**Exercise**
Copy out, from the entries below, each line that holds the string "wallpaper".

** Records shown follows **

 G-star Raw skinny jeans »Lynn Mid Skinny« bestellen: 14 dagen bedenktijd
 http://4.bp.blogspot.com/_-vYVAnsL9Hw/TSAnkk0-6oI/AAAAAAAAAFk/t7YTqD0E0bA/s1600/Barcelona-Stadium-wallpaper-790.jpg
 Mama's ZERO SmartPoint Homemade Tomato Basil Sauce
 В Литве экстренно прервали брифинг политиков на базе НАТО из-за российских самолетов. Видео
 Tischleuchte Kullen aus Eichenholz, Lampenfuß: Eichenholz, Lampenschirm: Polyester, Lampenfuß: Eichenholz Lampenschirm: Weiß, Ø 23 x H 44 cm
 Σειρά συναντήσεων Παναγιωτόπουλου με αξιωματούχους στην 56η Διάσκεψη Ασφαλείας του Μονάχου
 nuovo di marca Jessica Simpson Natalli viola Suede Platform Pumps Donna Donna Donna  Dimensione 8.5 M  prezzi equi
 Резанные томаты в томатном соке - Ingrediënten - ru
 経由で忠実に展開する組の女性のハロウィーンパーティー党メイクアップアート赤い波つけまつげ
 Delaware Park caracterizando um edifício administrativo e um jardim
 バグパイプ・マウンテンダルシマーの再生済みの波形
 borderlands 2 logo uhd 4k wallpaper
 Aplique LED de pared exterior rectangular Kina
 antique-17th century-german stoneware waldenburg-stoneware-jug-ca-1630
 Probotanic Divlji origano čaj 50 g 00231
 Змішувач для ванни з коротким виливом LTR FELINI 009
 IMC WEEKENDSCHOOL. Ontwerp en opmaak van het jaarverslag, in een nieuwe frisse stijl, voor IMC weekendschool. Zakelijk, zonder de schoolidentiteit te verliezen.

** End of Records shown **

**Output of the task**
 http://4.bp.blogspot.com/_-vYVAnsL9Hw/TSAnkk0-6oI/AAAAAAAAAFk/t7YTqD0E0bA/s1600/Barcelona-Stadium-wallpaper-790.jpg
 borderlands 2 logo uhd 4k wallpaper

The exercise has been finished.